The couch once faced a glossy black piano. Now it faces the television screen.
“This house!” says the woman. Her name is Mona Feinman. She is Harriet’s good friend.
Isidore, taking his seat, watches Harriet’s face go scrunched with pleasure. “How much time do we have?” says the other guest, Gary Feinman. He’s Mona’s husband and Isidore’s good friend.
“Oh, it won’t be long now.”
Both Feinmans still stand, their shoulders pulled straight, as if on the threshold of something illicit.
A hint of small talk and yet everyone has to wait until the exact appointed time. I’m good, Gary; you? Oh Harriet, the drinks are perfect. I’m glad, Mo, and you know that’s a fantastic dress….
Just stalling. The Feinmans came over tonight for only one reason.
There is a pleasing completeness to Mona. She is what she is, confidently. A smile on a handsome face, pert, just a little fleshy. But Isid
ore isn’t attracted to her. Mona he sees as the housewife among Harriet’s friends—the woman most housewifely in spirit. She is now leaning to the bowl of almonds. Mona has full-looking smooth skin under her jaw, and maybe this is why Isidore thinks he receives signals of sexual compliance off her full frame. Harriet, too, is a housewife, but not only. She can play Gershwin on the piano. Harriet holds opinions about what she reads, is politically aware, has lately been trying to tell jokes and be funny. As for Mona? She’s bending her stout figure at the moment. Her bosom swells from beneath her blouse, and Isidore has no trouble receiving the signals. But she appears not to have interests, or much of a mental life. Or maybe that’s unfair.

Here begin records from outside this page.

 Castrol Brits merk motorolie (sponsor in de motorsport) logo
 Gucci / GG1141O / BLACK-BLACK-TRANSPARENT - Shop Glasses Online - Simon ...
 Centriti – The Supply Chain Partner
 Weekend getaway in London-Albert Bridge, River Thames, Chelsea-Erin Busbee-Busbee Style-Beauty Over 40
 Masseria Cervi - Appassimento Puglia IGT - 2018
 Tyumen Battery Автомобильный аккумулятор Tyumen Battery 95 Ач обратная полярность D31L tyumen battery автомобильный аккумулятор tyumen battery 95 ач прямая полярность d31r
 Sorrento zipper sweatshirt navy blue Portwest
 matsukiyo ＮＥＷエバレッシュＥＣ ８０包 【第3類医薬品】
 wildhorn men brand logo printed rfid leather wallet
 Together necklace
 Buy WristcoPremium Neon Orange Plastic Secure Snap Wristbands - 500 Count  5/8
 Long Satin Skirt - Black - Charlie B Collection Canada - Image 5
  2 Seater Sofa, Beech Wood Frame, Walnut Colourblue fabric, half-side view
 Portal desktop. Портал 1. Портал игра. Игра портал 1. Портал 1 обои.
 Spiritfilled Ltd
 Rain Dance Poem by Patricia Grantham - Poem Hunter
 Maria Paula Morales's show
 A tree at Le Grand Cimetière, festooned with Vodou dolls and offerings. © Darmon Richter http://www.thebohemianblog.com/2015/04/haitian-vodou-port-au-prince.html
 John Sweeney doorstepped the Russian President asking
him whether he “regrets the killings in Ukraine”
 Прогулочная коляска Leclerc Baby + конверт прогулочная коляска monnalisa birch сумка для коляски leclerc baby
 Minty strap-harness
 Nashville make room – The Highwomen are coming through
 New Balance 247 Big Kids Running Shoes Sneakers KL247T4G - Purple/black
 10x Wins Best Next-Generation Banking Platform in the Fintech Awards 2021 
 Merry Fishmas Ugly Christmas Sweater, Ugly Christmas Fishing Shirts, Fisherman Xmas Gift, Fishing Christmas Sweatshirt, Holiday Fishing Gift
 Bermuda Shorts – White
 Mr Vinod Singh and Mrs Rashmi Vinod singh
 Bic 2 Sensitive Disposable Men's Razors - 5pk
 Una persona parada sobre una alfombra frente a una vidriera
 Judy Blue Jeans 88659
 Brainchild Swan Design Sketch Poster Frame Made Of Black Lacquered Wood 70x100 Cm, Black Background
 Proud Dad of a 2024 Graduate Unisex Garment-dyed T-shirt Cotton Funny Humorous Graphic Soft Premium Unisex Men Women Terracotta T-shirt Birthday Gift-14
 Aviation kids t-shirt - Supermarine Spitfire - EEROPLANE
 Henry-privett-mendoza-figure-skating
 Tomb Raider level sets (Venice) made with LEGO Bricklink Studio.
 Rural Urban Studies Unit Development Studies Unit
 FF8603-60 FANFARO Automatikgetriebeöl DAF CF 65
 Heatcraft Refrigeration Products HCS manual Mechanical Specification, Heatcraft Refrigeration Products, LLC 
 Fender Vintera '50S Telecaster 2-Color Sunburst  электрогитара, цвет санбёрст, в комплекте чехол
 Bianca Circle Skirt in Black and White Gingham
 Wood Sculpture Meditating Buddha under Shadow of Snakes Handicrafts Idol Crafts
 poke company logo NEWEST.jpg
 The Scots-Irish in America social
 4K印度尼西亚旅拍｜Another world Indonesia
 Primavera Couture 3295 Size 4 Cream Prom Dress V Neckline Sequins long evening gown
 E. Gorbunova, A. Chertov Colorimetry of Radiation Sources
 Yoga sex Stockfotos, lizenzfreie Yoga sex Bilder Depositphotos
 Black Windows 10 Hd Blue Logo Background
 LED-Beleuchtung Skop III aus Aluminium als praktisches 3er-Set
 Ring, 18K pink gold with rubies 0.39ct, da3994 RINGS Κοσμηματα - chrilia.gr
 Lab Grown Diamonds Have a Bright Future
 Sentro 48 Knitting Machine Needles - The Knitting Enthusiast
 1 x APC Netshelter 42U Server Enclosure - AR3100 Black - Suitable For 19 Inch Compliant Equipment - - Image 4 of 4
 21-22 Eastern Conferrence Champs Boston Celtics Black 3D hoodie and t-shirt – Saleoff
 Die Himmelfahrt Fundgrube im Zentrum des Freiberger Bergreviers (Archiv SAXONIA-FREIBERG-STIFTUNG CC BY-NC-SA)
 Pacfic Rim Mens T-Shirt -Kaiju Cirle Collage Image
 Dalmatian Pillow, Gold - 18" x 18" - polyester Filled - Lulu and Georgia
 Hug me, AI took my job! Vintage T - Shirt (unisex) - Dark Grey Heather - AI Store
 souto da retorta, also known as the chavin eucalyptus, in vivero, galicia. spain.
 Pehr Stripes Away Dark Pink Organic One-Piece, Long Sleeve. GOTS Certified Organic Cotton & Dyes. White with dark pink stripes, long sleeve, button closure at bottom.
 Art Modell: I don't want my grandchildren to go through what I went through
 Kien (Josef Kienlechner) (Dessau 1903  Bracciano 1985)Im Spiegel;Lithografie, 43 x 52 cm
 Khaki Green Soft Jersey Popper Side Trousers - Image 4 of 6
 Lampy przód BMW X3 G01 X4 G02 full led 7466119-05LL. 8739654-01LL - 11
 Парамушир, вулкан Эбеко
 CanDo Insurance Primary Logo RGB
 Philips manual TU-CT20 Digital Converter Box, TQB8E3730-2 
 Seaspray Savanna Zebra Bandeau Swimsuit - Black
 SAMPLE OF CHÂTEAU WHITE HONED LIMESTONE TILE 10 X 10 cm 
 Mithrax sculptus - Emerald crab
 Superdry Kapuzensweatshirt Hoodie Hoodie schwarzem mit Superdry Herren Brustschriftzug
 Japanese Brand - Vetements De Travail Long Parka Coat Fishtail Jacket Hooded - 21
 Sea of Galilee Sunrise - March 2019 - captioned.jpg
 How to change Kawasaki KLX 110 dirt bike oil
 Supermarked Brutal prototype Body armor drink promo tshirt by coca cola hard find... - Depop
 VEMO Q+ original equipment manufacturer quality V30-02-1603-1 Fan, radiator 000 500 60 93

“We going to watch, or sit letting me bore each of you?” Gary says, the ice in his Tom Collins rattling pleasantly.
“It doesn’t start for a bit.”
Mona and Gary don’t have a television of their own. “I can’t wait,” Mona says.
“I can’t believe you’ve never seen it.”
“She’s wonderful, I hear.”
And Isidore has to look down, biting his mouth and causing enough pain to kill his sad, wild grin—
“How’s the Hicksville project?” asks Gary. Isidore lifts his face, a smile that says, Oh, you know, it’s business. Going okay.
Gary is a garmento, selling bridal. Gary has struggled. Isidore tries on his humblest look. “Units are moving, Gary,” he says. “I guess they’re moving.”
“This guy,” says Gary, shaking his head.
It could be that, tonight, Isidore’s humble look hasn’t conveyed much humility. It could be that his humblest look—when Lucille is already sort of here in this room, her expansive vitality, that warmth and humor—is no longer humble. Could it be Isidore has become a celebrity of the mind? (Hold-on.)
“How’s about you? Business good?” Harriet says. This is the wrong question to ask Gary, and Harriet seems to realize it immediately.
“Ah, bridal’s bridle. Dress the gal up,” Gary says, “before she walks to the gallows.”